Exactly. In Florida, the average age is in the 30’s & 40’s for each county, and death rate has plummeted. Hospitals is at 4.8% for that demographic which is normal. Headlines say “17 new deaths” but the last death happened on 6/21. LTC’s are UP to 53%, but that’s the failure of whoever is in charge (still not close to the complete failure of MA & NY of 63% of deaths). But hey, the late 1960’s over a million died of a flu…/shrug
Since the 1900, these have been the worse flu epidemics in the US:
1.1918, Spanish flu, 675,000
2. 2020 Cornavirus, 127,000 and counting
3. 1957 Asian Flu, 116,000
4. 1968 Hong Kong Flu, 100,000
Be aware that at the end of the flu season, the CDC estimates the degree of undercounting, and then multiplies the recorded deaths by a factor to get the number it reports for the final number. For the flu, they normally multiply the recorded deaths by about 5. Covid numbers have been kept much more closely that for the normal flu, so I’m expected the factor to be less than 2, probably about 1.4.
That is part of what makes me question the new case numbers. I don’t go as far as Trump on that, but there is plenty of room to find changes in new cases, or to hide them, depending on testing. When it comes to comparing data between countries it is even more difficult, because of protocol, political presentation, number of tests available etc. I know it varies widely from country to country, even within same region.

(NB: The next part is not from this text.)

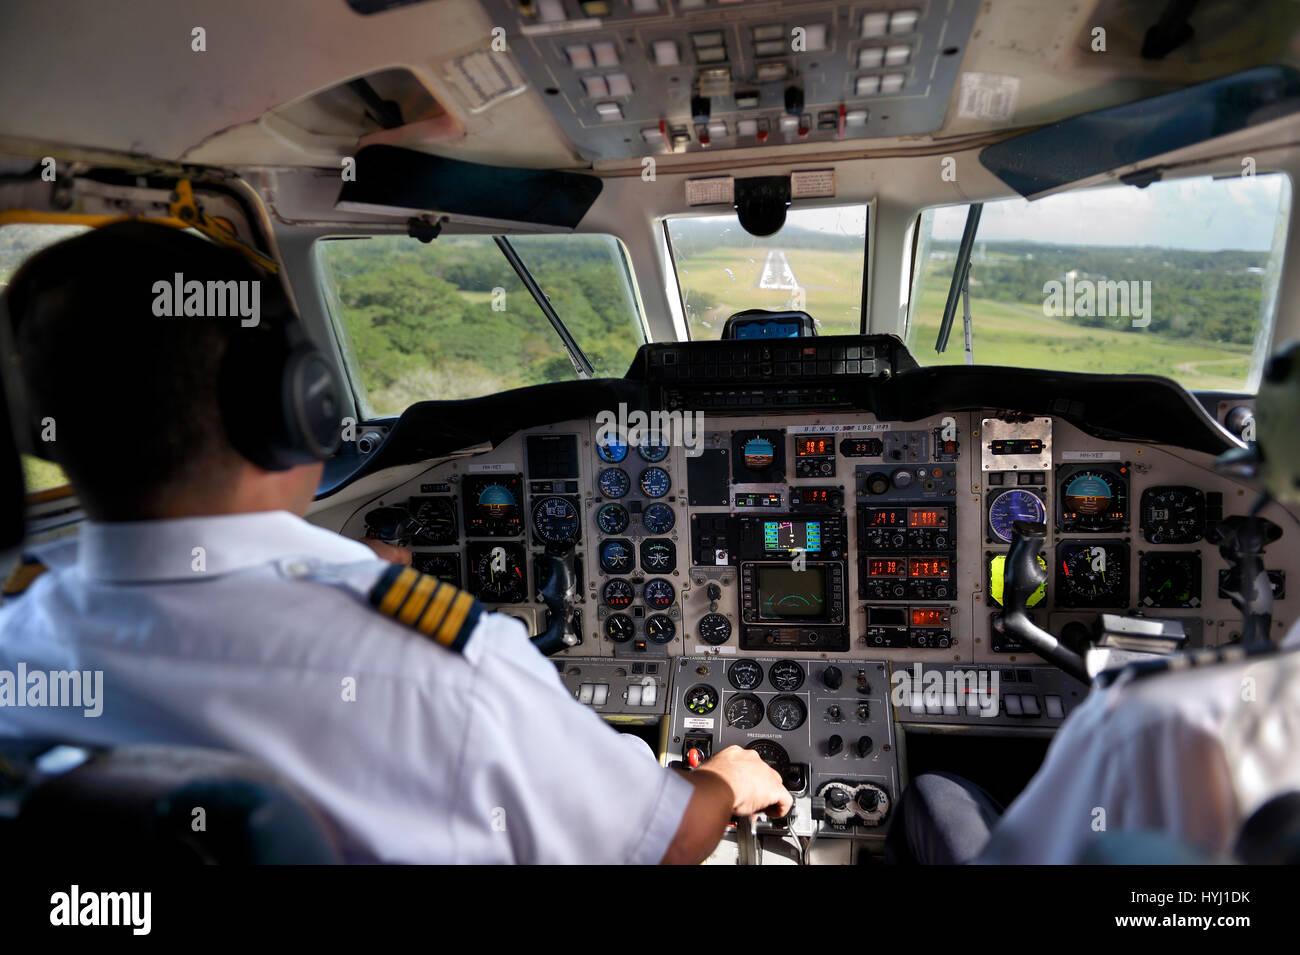 Landing, pilot and copilot control the twin-engine propeller aircraft British Aerospace Jetstream 3200, La Isabela - Stock Image

For sure lack of precaution, ending lockdown and so on will see a rise in cases and fatalities, but there is so much room to fudge the numbers that to me it is all painted with a broad brush that only provides rough trends. In EU cases are picking up again, likely not too far off US eventually but who knows. Either way, if they want to micromanage the data and media they are going to have to micromanage the restart to avoid large outbreaks, I guess the two go together in terms of policy but they really cannot return to wide lockdowns again now, I don’t think people would tolerate it. Opening to travel beyond bare nescessity is probably not wise either if they want to control the outbreak. It isn’t just that visitors bring in new points of contagion (which is well documented) , it is more the wider mixing of society which will be taken as normal – after seeing that outsiders are allowed this . You cannot restrict travel indefinitely either, so who knows where this all leads.
Prediction:
Most issues around coronavirus – at least in the US but I suspect world wide – will rapidly resolve between Nov 3 – 10 2020.